You get this bug because the compiler doesn't know that the function will not return and therefor assumes that the de-reference will happen even if the value is NULL. Some compilers have a (non standard) keyword to indicate that a function will not return. adding an "else" will "fix" the issue.
> Some compilers have a (non standard) keyword to indicate that a function will not return
The _NoReturn keyword was added in C11, standardising it. You can also get the now-standardised noreturn macro from stdnoreturn.h under C11, to maintain that compiler syntax.
> You get this bug because the compiler doesn't know that the function will not return and therefor assumes that the de-reference will happen even if the value is NULL.
That would be even worse reasoning.
If the compiler doesn't know that the function will not return then how could it possibly implement optimizations that remove this code?
Not returning from a function is well-defined behavior in C.
Dereferencing a pointer after a NULL check condition which doesn't return is well-defined behavior.
I understand that changing an "implicit else" to an explicit else will clue modern compilers in to the fact that the code shouldn't be removed. Regardless, removing the code in the author's example is dead wrong (quite aside of what one makes of Linus' quite persuasive argument about not even touching NULL checks which follow undefined behavior).
Edit: clarification
Edit 2: Ok, I need a sanity check.
Let's forget about functions which never return. Instead, let us change "write_error_message_and_exit();" to "return 0;" which will signal an error message to the caller. Also, assume there is a "return 1;" somewhere below the author's example.
Is there any compiler at any optimization level which would optimize out my revised conditional?
if you replace write_error_message_and_exit with a return the problem should go away. If you think that is non-obvius, I agree, that's the problem. its very easy to do the wrong thing.
Even if you assume the function returns, I don't quite understand why the if can be optimised away. The function may still have side effects if it returns, which have to happen before whatever assigning to NULL does. Those side effects may include sending data over the network, or happen in the operating system which is protected against whatever the program does, so even UB cannot affect it.
I guess UB is not assumed to include time travel...?
UB isn't a side effect, nor does it imply a sequence point or completion of other side effects. The compiler is largely free to reorder things anyway. And indeed the standard allows the compiler to bail out and throw an error during translation. UB is beyond time. But even if it were bound to time, well, unpredictable results could include accidental time travel.
With UB a program is invalid in its whole, so anticausal effects are possible. Having said that, because of posix and the ability to catch signals, I believe that at least recent GCCs will try to preserve the ordering of side effects.
This is a corner of C I'm not familiar with, but does the standard say anything about functions that never return? If it doesn't say that implementations may assume functions return then that sounds more like a compiler bug than taking advantage of UB.

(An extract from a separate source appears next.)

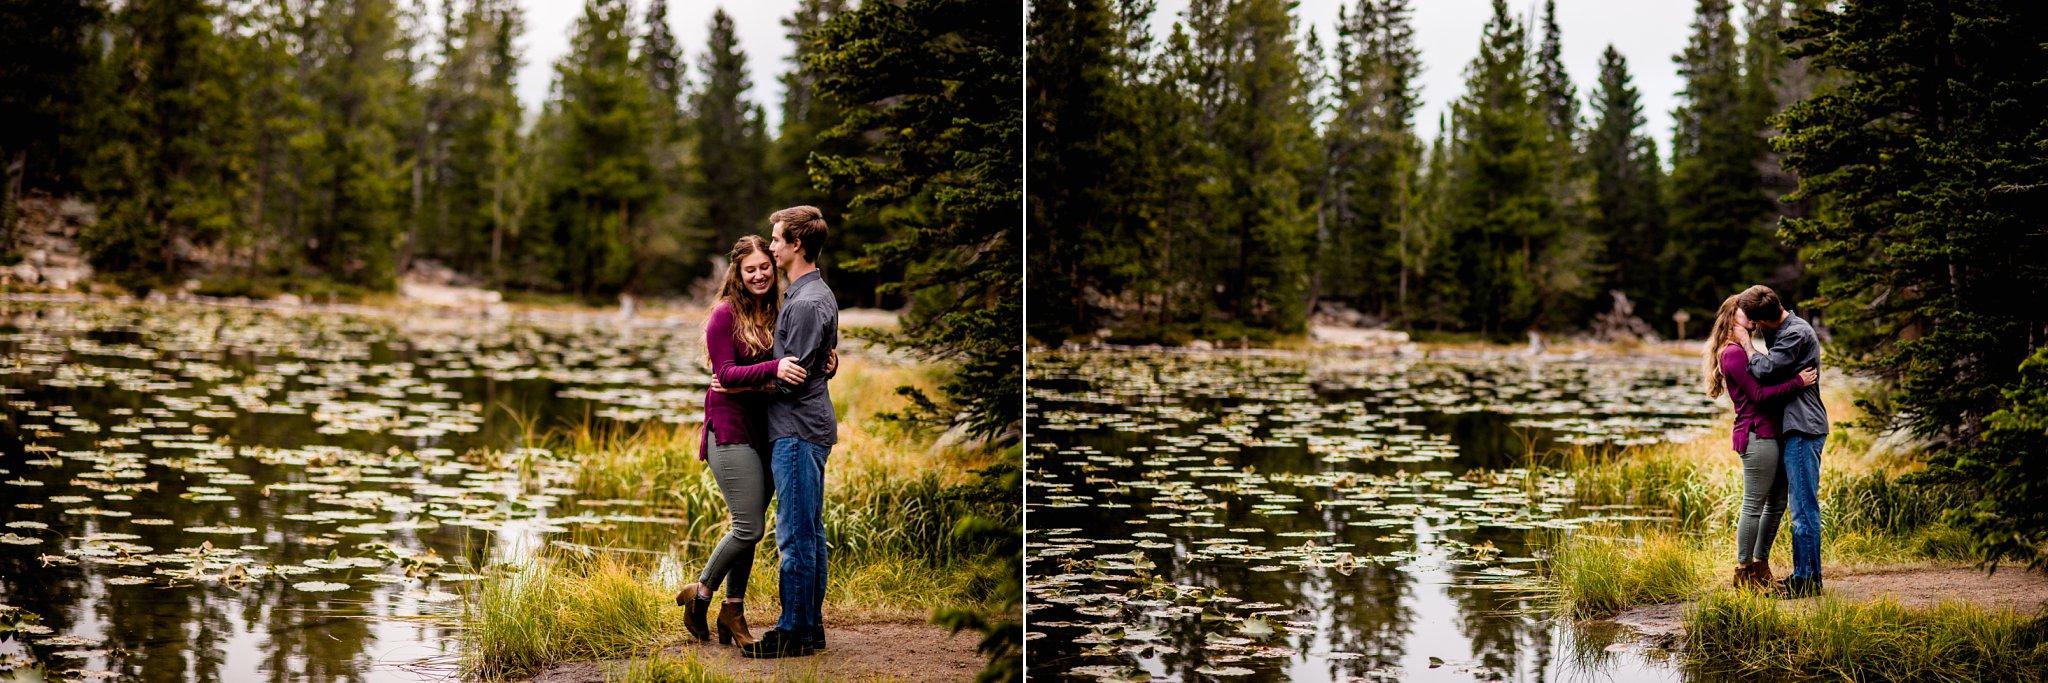 Rocky Mountain National Park Engagement Photos_0015.jpg
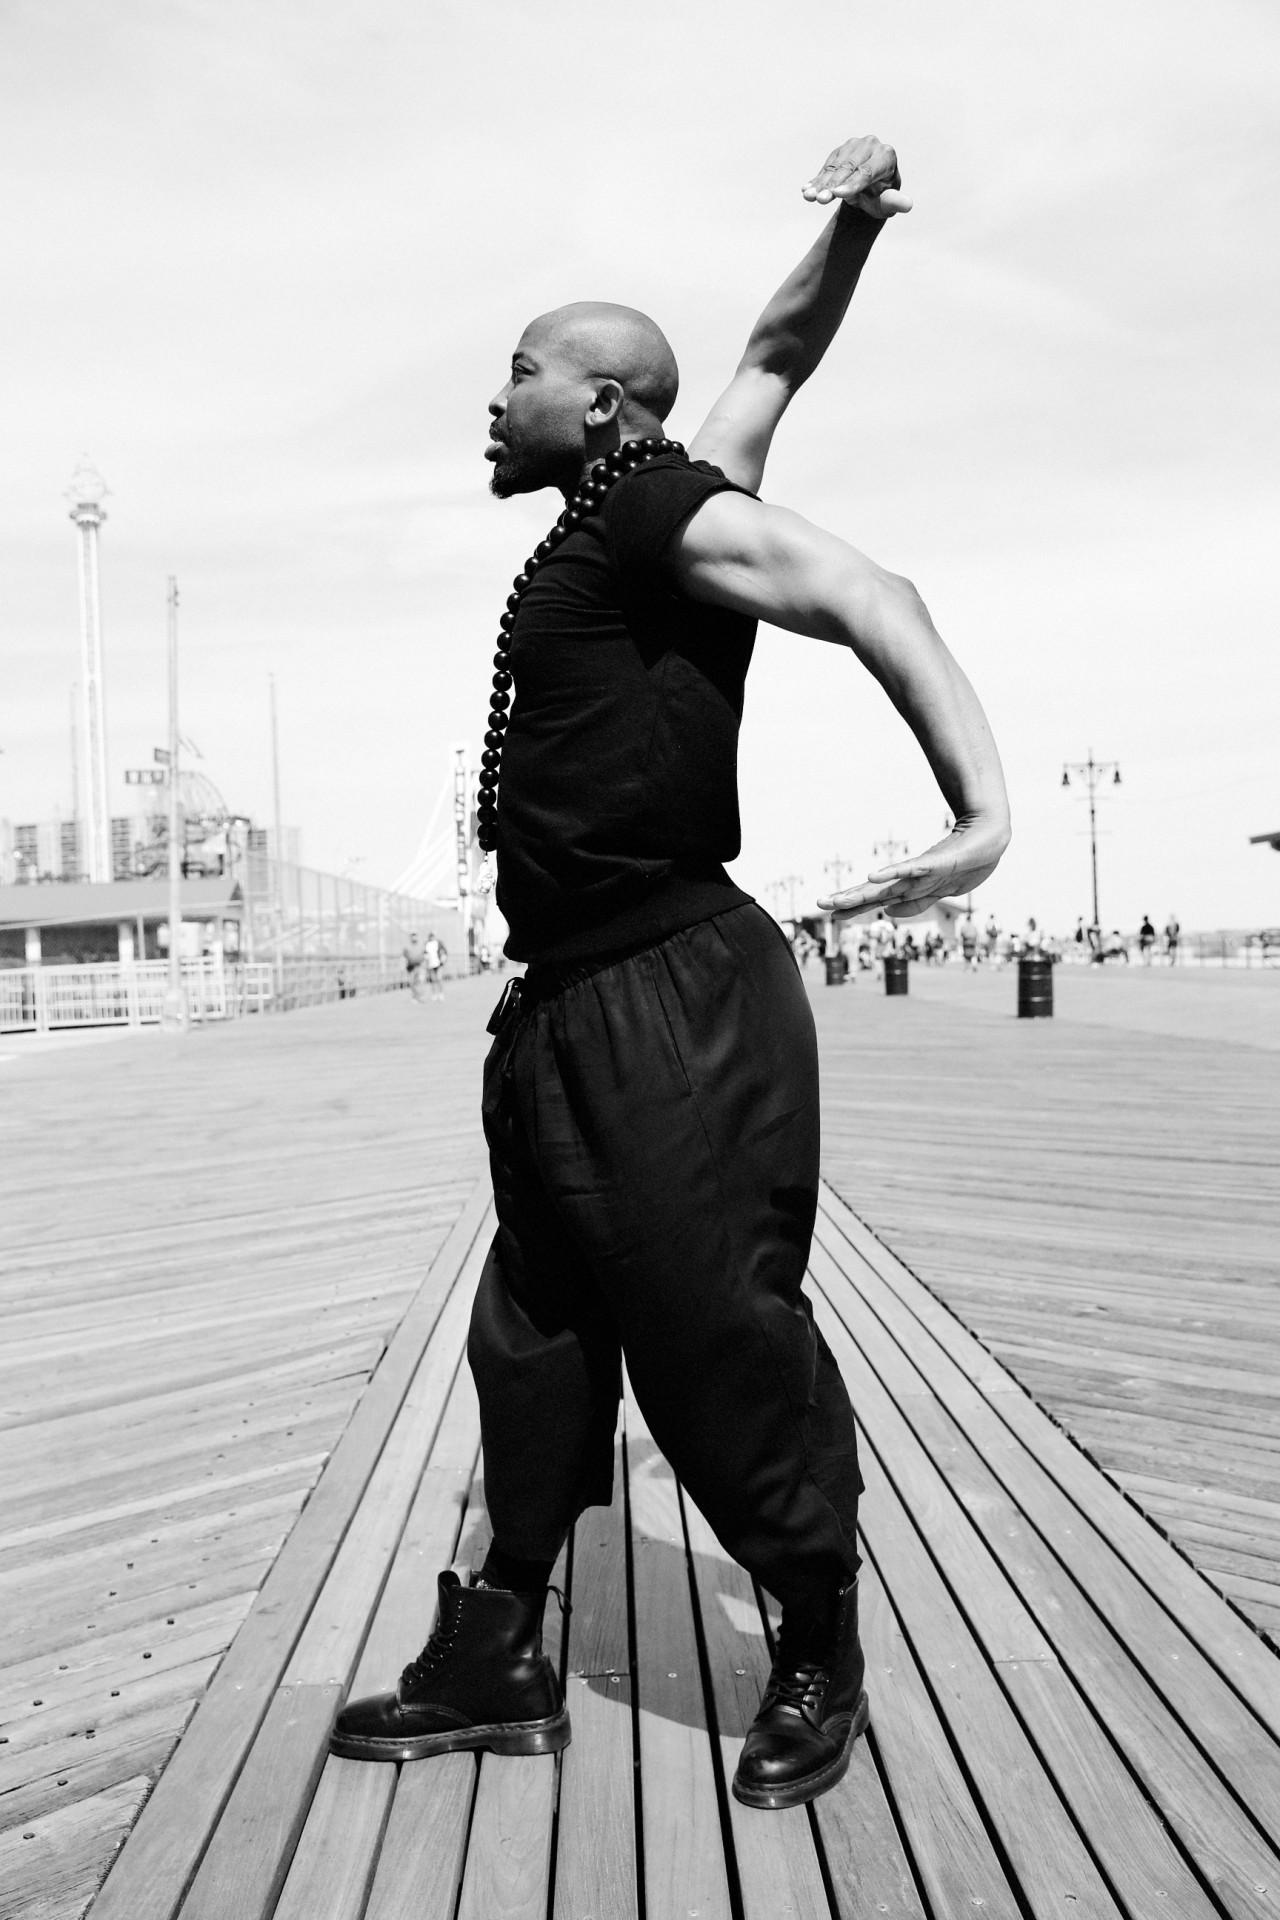 CAROLIN WINDEL Stanley Devaugn Milan, Coney Island New York (more-click here)

Previously, I saw discussion around a similar bug where the community accepted that it is not legal for compilers to optimize with the assumption that a function never returns [1]. Obviously, if a compiler can prove a function always returns, it is a perfectly reasonable optimization.
Unfortunately, one of the folks who filed a bug report against GCC submitted an obviously incorrect reproduction procedure [2]. The GCC folks closed the false bug report and the developers worked around the true bug. Some time later, a developer attempted to reproduce the bug with GCC 4.4 and succeeded, but could not reproduce it with versions 4.6 or 4.8 [3]. In my mind, this fact strongly supports the community's conclusion that the optimization is incorrect.
Finally, the intuition described in the stack overflow discussion is pretty sound: it must be possible to use control flow to avoid undefined behavior.
> This is a corner of C I'm not familiar with, but does the standard say anything about functions that never return?
A few things, but not a lot of detail.
> A function declared with a_Noreturn function specifier shall not return to its caller 6.7.4-8
It is recommended, but not enforced, that the implementation warns if this might not be the case.
> The implementation should produce a diagnostic message for a function declared with a_Noreturn function specifier that appears to be capable of returning to its caller 6.7.4-9
They do provide some example code that explicitly says that non-returning functions, that are marked as such, need to be explicit that they don't return. (As C implicitly attempts to return if given the opportunity). Not doing so is Undefined Behaviour.
_Noreturn void f () {
abort(); //ok
}
_Noreturn void g (int i) {
//causes undefined behavior if i<=0
if (i > 0) abort();
}
So a compiler should be able to assume that a _Noreturn function either loops forever or terminates. Anything else would appear to be UB.
The compiler can't assume that a function always returns.
This seems contrary to how (I believe) the compiler works with atomics. If I call some opaque function foo(), the compiler has to assume that foo() could perform sequentially consistent atomic operations, and it cannot move other reads or writes across that function call. Why isn't it also required to assume that a function could terminate the program or longjump out?
Yeah, I think you're right. I guess a more general statement would be that the example optimization may not be valid because that function may contain unknown side effects, including program termination.
In C++ the function could throw, so at least there's that.
Also I believe that, because of posix, compilers will try to preserve side effects before potential UB. At least I couldn't get GCC to optimize out the function call.